I agree you're probably right, but what I was thinking was a solar panel setup charging a deep cycle battery or two (however many are required), then using a true sine wave output inverter to power the copper-to-fiber converter. I was wondering if the input power for the converter could also be used to power the LNB through the rg6 connection before the signal ever gets converted to light for transmission.


----------



## P Smith (Jul 25, 2002)

you must properly count an energy balance ... not sure if it really will work if your weather not allow charge batteries 360 d/year
imagine, no sunlight goes for a few days - any batteries will be drained


----------



## slice1900 (Feb 14, 2013)

jimmie57 said:


> I know NOTHING ABOUT THIS TYPE OF STUFF.
> I read the specs, description, etc and it says it is good for 400 ft of RG11 and the OP is going to be 600 ft.
> Will this still work ? Will he get the extra footage by using the 29v PI in place of the 21v ?
> Thanks


It says it _offsets_ 400 ft of RG11, meaning that 600 ft run turns into a 200 ft run which is a bit long but not an issue at all. Sonora tends to be rather conservative in their specs, I think 28 db would offset almost the entire 600 ft but it depends on which loss numbers for RG11 you believe - if you google you'll find a range of loss numbers provided. Who to believe?


----------



## slice1900 (Feb 14, 2013)

Randy C said:


> Thanks for your replies !
> 
> I was wondering about the power supply as well. Forgive my shoddy internet searching (I only have internet access on my phone during lunch breaks from work) but I was wondering if I could use something like this: https://www.amazon.com/Amplifier-Sa...149400&sr=8-3&keywords=in-line+coax+amplifier or something similar. I didn't know if I would be able to get enough power to the LNB after this thing stole supply to power itself or not. I was hoping to not have to supply power to anything out in the field now that I went away from the fiber optic system I was building. I was told that running SO cord would be an issue due to phase loss at that distance (?) so I had planned to buy a solar panel/battery/inverter setup to supply the power, but now that all seems a bit much and was hoping for a better (read: cheaper) option.


Set it up like so:

dish <-> 600 ft span <-> amplifier <-> PI29 <-> splitter -> your receivers

The amplifier will be powered by its included power supply plugged into its dedicated power port, and the PI29 will power the dish's LNB through the amplifier and 600 ft RG11 run (if you make sure it is solid copper)


----------



## slice1900 (Feb 14, 2013)

Randy C said:


> I've been seeing that there appears to be some differences between satellite tv vs. satellite internet hookups, so that has me worried but I don't know enough to know what to be worried about. Still unsure how I'm going to run power as well, unless I have to go with the solar option, in which case that shouldn't be an issue. I'd rather just run the SO cord though since I'll already be running the rg11 through conduit.
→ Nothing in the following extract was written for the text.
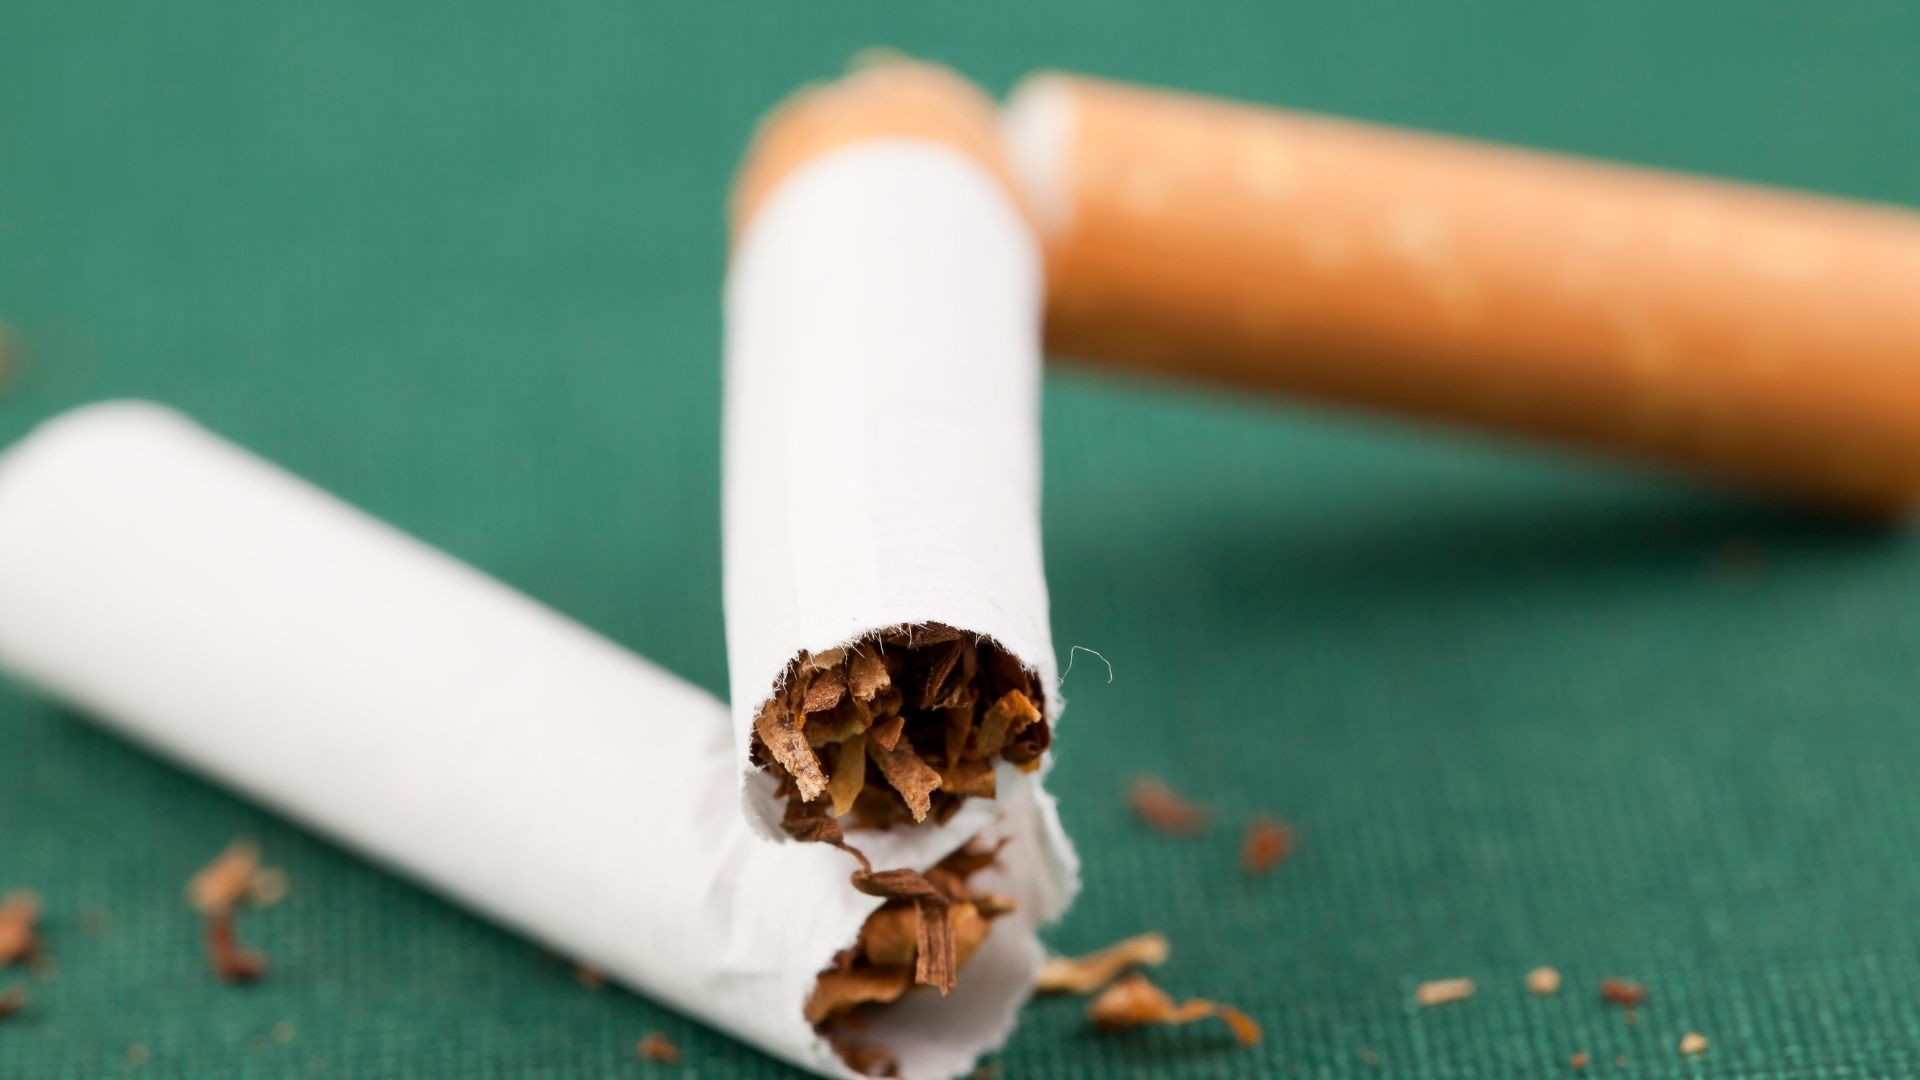 Smoking Cessation Programs in the Workplace

Satellite internet is two way, amplifiers won't work. Your best bet there is to locate your satellite internet router next to the dish, and run cat6a to deliver ethernet back to your house. Regular ethernet is limited to 100 meters due to timing, so you need something that runs modified ethernet to exceed it. Fiber would also work, but I think a pair of these would come out cheaper:

LONGSPAN-Point TO POINT ETHERNET & POE EXTENDER BASE - Newegg.com

That also does PoE - it will deliver 25 watts at 600 meters using their power supply. If that's enough to power your satellite internet dish and router, great. It might do more than that since you're 600 feet not 600 meters, you could contact the vendor and ask. Otherwise you'll need that solar/battery system.


----------



## jimmie57 (Jun 26, 2010)

Randy C said:


> Hi there, I am trying to figure out a solution to my problem of having too many trees in the way of acquiring a satellite signal for TV and internet. I was originally thinking of doing a fiber optic setup for the 600 feet or so that I need to bridge from the house to the dishes, but that won't allow the LNBs to be powered and now I am thinking of trying rg11 cable instead. Will rg-11 be able to run 600 feet or so with out amplification? I have looked at a few charts online and am thinking I will have about 30 dB of signal loss for that run, but don't know what that translates to on my TV or computer screen.
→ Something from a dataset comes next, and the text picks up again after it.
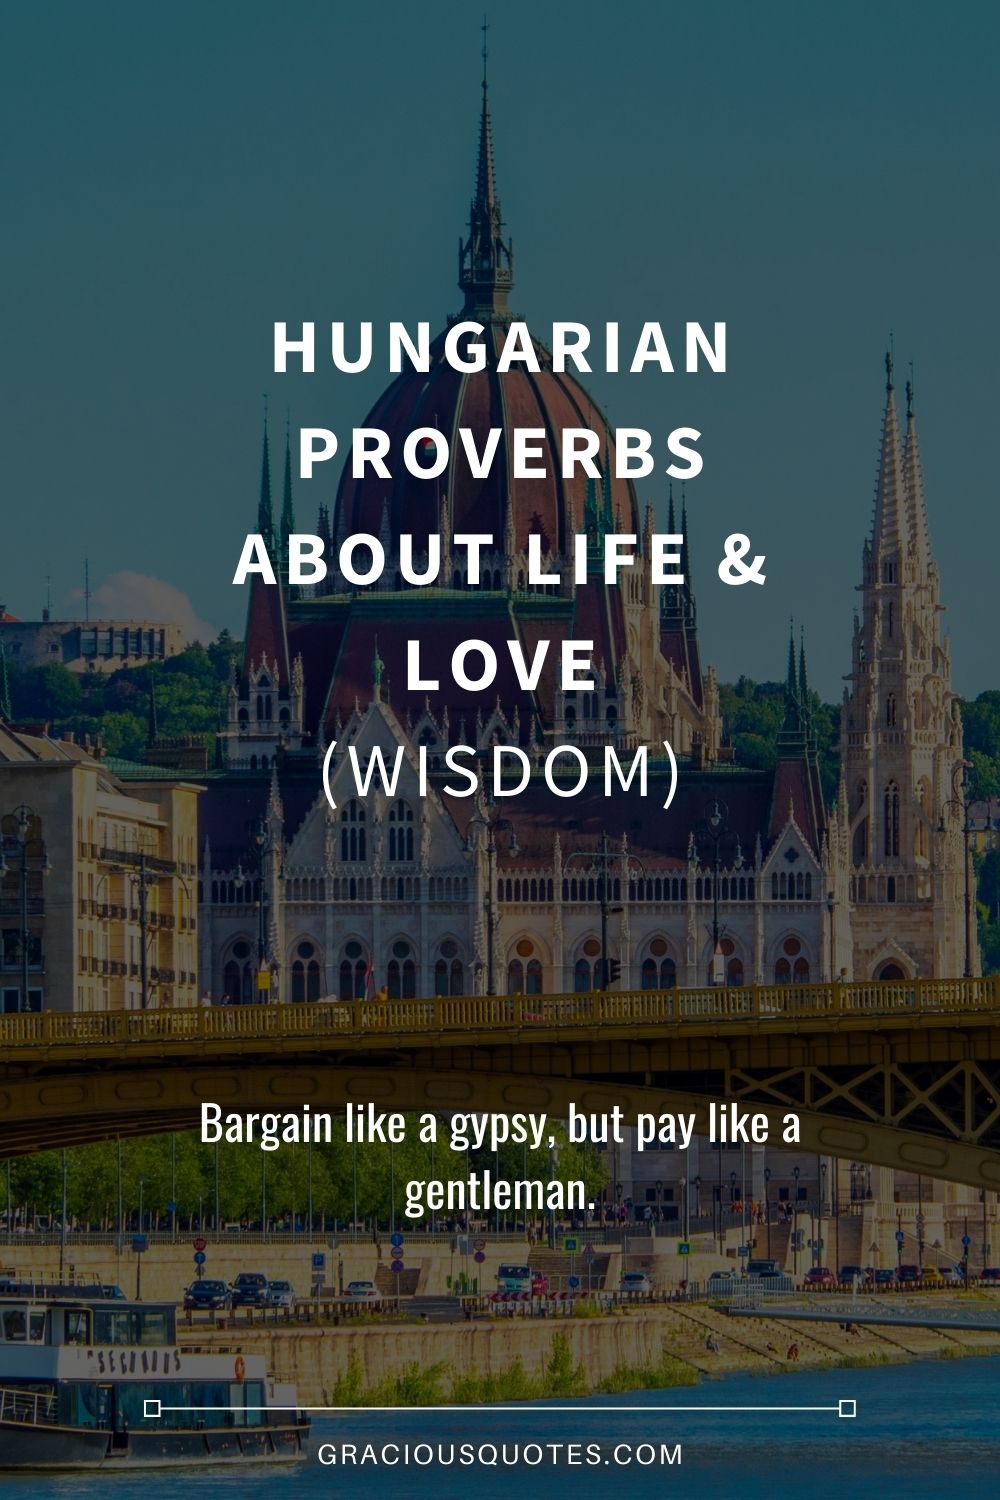 Hungarian Proverbs About Life & Love (WISDOM) - Gracious Quotes

After reading the posts here to help you get what you are asking for,
how about putting a chain saw to work and clear a spot closer to the cabin ?
If you go there twice a year for a week, why go to this effort to watch TV and play games, you can do that at home ?


----------



## Rich (Feb 22, 2007)

jimmie57 said:


> I know NOTHING ABOUT THIS TYPE OF STUFF.
> I read the specs, description, etc and it says it is good for 400 ft of RG11 and the OP is going to be 600 ft.
> Will this still work ? Will he get the extra footage by using the 29v PI in place of the 21v ?
> Thanks


I've been using one of those amplifiers for years. Had a problem with MRV and a good friend suggested trying one from Solid Signal. Hooked it up and the problem went away. Not expensive and easy to install.

Rich


----------



## Rich (Feb 22, 2007)

Randy C said:


> Also, since I am having the same problem with tv and internet, I believe I'll need to run two separate cables, one for the net and one for the tv. Will I need 2 amplifiers to do this, or would that Sonora be able to do both lines?
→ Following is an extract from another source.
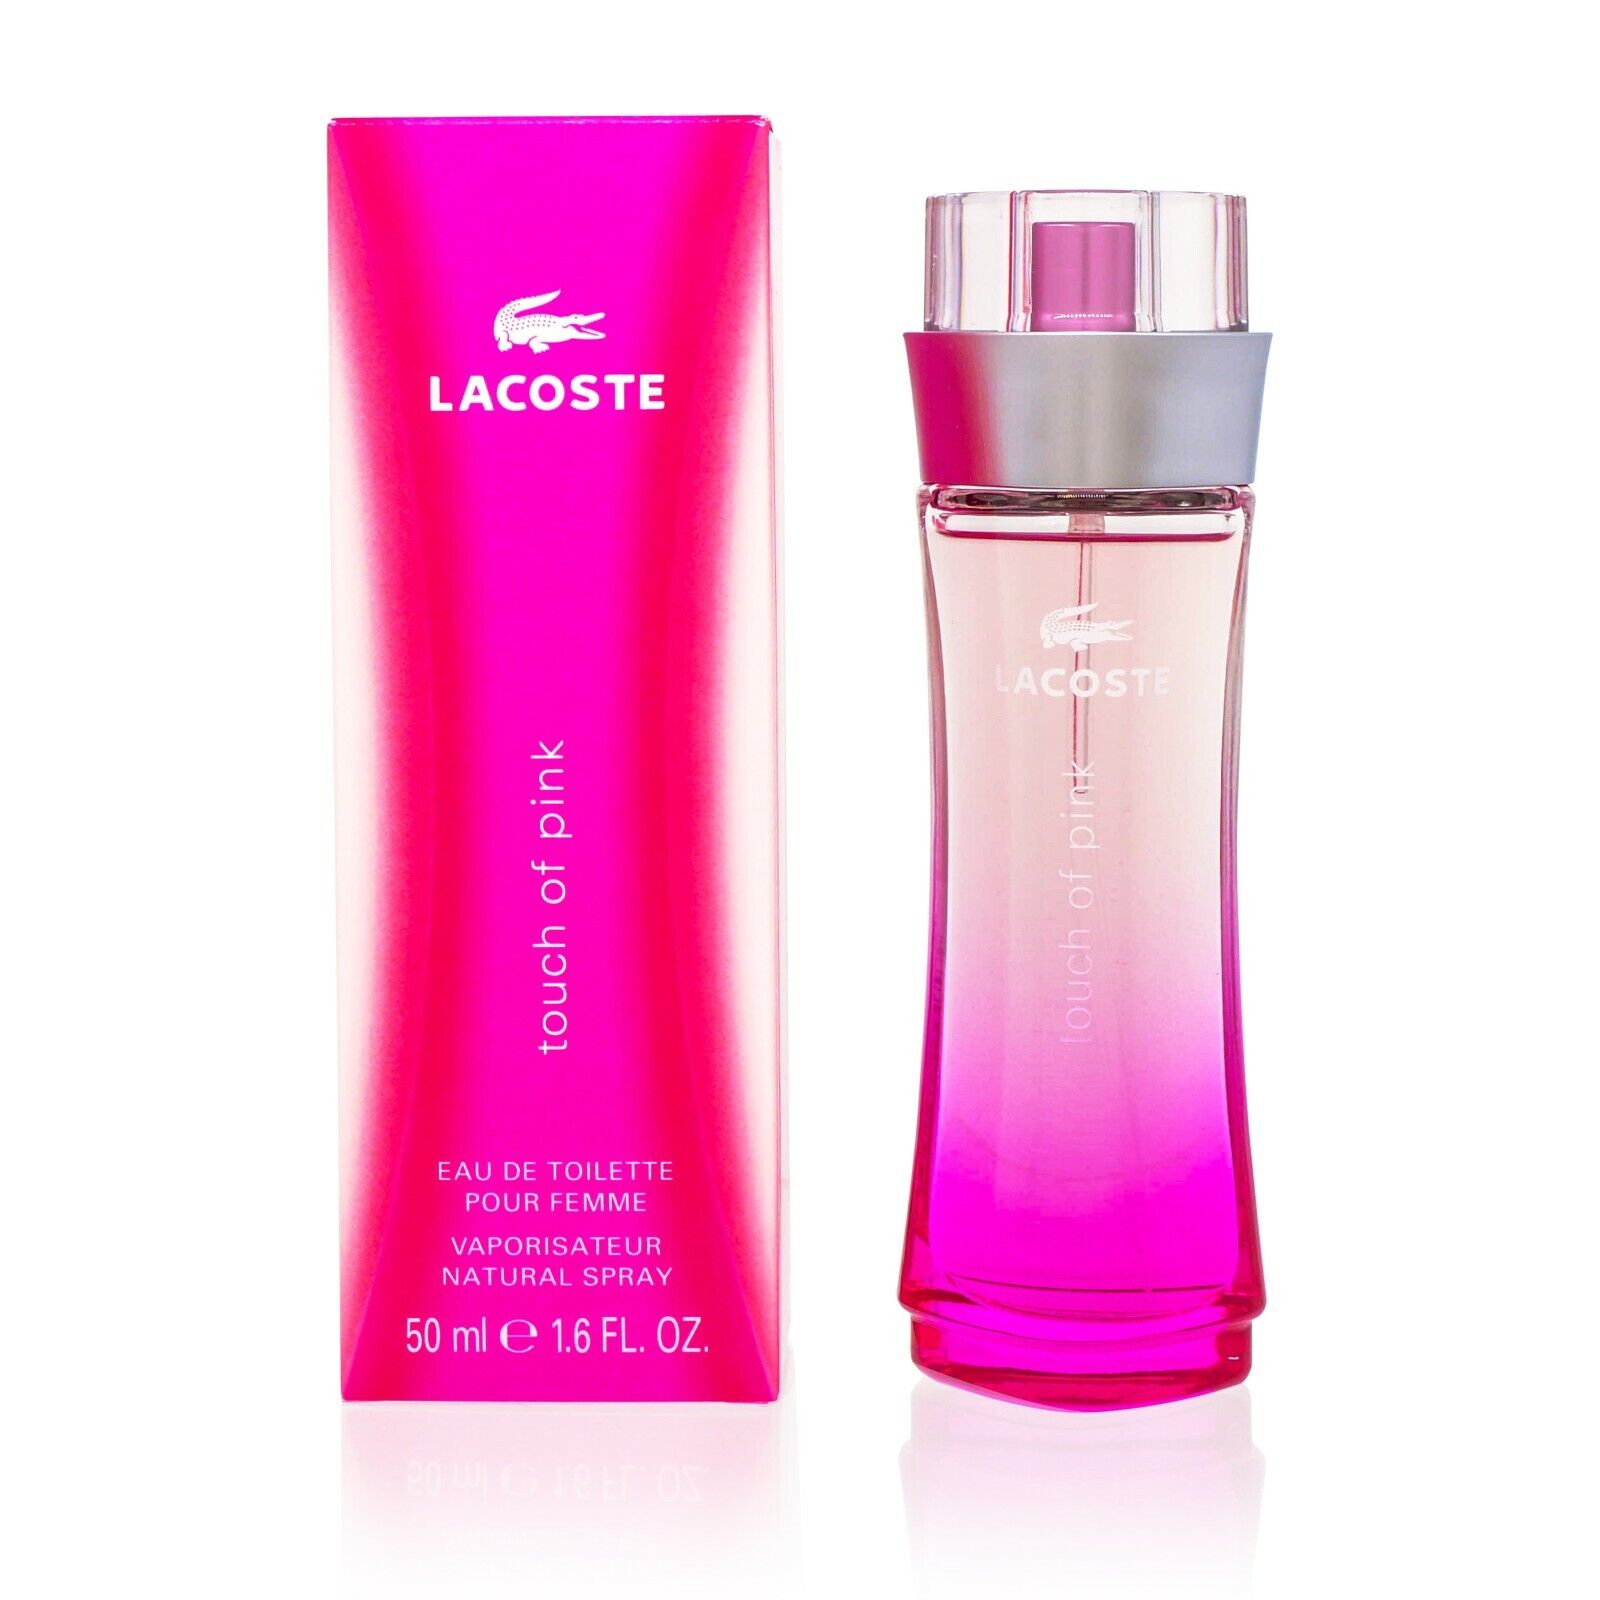 lacoste touch of pink 30ml

I'd think you'd be better off with separate amplifiers. The amp I use has four ports for coax, which I needed to feed a second cascaded SWM16. Not sure if an amp like that would work for you. Call Solid Signal and ask them what you need, they were very helpful when I purchased the amp.

Rich


----------



## Rich (Feb 22, 2007)

jimmie57 said:


> After reading the posts here to help you get what you are asking for,
> how about putting a chain saw to work and clear a spot closer to the cabin ?
> If you go there twice a year for a week, why go to this effort to watch TV and play games, you can do that at home ?


I'd have those trees down in a heartbeat. Less trouble, the path of least resistance is the way I always go.

Rich


----------



## Randy C (Oct 27, 2017)

jimmie57 said:


> After reading the posts here to help you get what you are asking for,
> how about putting a chain saw to work and clear a spot closer to the cabin ?
> If you go there twice a year for a week, why go to this effort to watch TV and play games, you can do that at home ?





Rich said:


> I'd have those trees down in a heartbeat. Less trouble, the path of least resistance is the way I always go.
> 
> Rich


This house is actually our dream home that we'll be living in for the next 30 years, not a simple cabin in the woods...


----------



## Randy C (Oct 27, 2017)

slice1900 said:


> dish <-> 600 ft span <-> amplifier <-> PI29 <-> splitter -> your receivers


Now this looks similar to what I was thinking and it appears it will be the easiest way to make all this work. So now, based on other comments in this thread, it looks like I might need to run two cable runs for each the tv and internet? And then I can just power both the amp and the PI29 at the house.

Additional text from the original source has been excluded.